Source and target languages 
Starting with only one source language—English—and forty-seven target languages in June 2009, Google Translator Toolkit supported 100,000 language pairs. Translator Toolkit could translate from 345 source languages into 345 target languages.

User interface 
Google Translator Toolkit's user interface was available in eighty-five languages:

Workflow 

The workflow of Google Translator Toolkit can be described as follows. First, users upload a file from their desktop or enter a URL of a web page or Wikipedia article that they want to translate. Google Translator Toolkit automatically 'pretranslates' the document. It divides the document into segments, usually sentences, headers, or bullets. Next, it searches all available translation databases for previous human translations of each segment. If any previous human translations of the segment exist, Google Translator Toolkit picks the highest-ranked search result and 'pretranslates' the segment with that translation. If no previous human translation of the segment exists, it uses machine translation to produce an 'automatic translation' for the segment, without intervention from human translators.

Users can then review and improving the automatic translation. They can click on the sentence and fix a translation, or they can use Googles translation tools to help them translate by clicking the "Show toolkit" button.

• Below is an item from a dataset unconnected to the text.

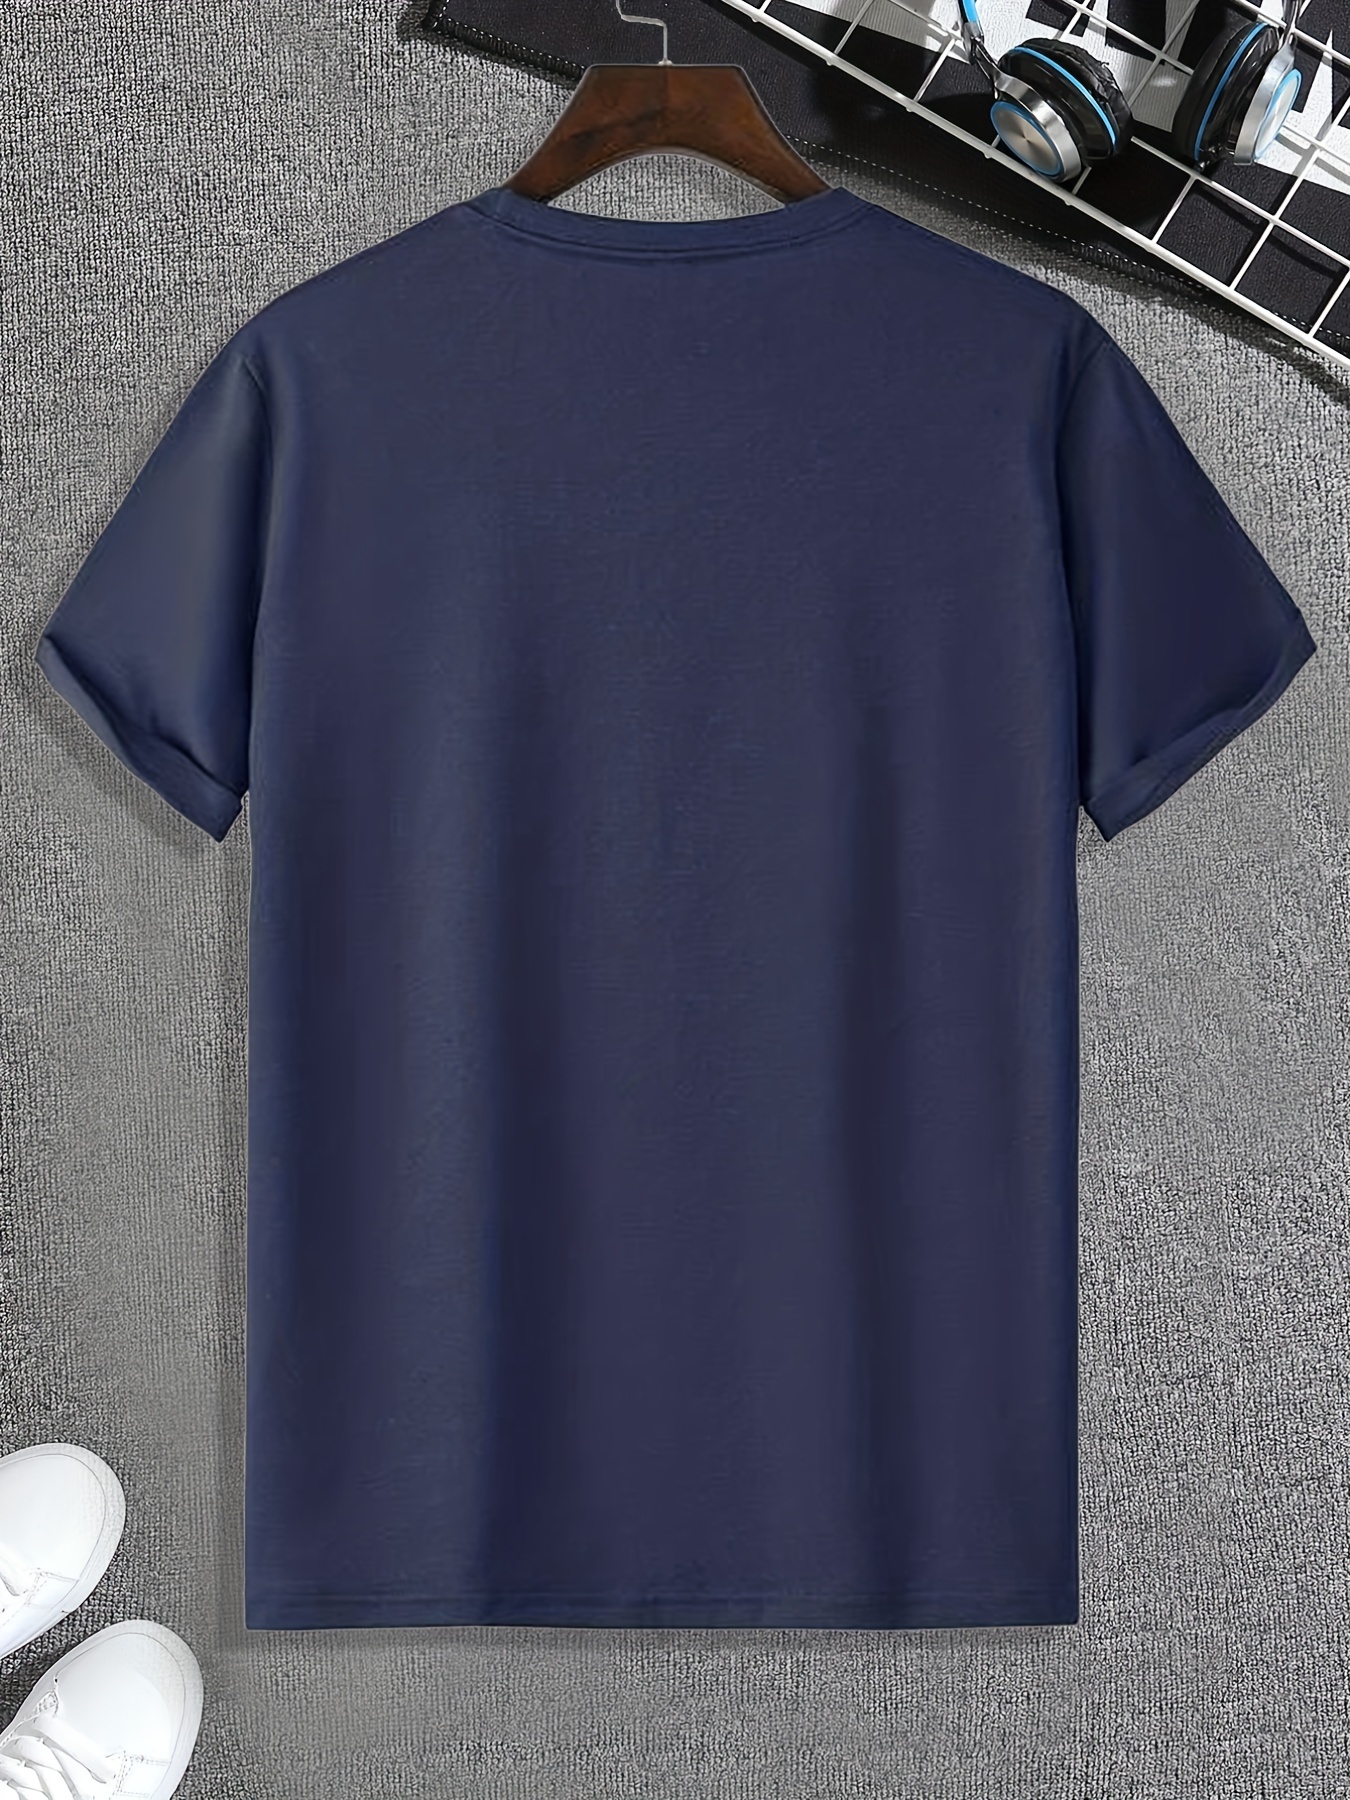 Camiseta Manga Corta Azul Marino, Camisetas Premium

By using the toolkit, they can view translations previously entered by other users in the "Translation search results" tab or use the "Dictionary" tab to search for the right translations for hard-to-find words. In addition, translators can use features like custom, multi-lingual glossaries and view the machine translation for reference. They can also share their translations with their friends by clicking the "Share" button and inviting them to help edit or view their translations. When they are finished, they can download the translation to their desktop. For Wikipedia articles, they can easily publish back to the source pages.

API 
Google Translator Toolkit used to provide an API which was restricted to approved users only.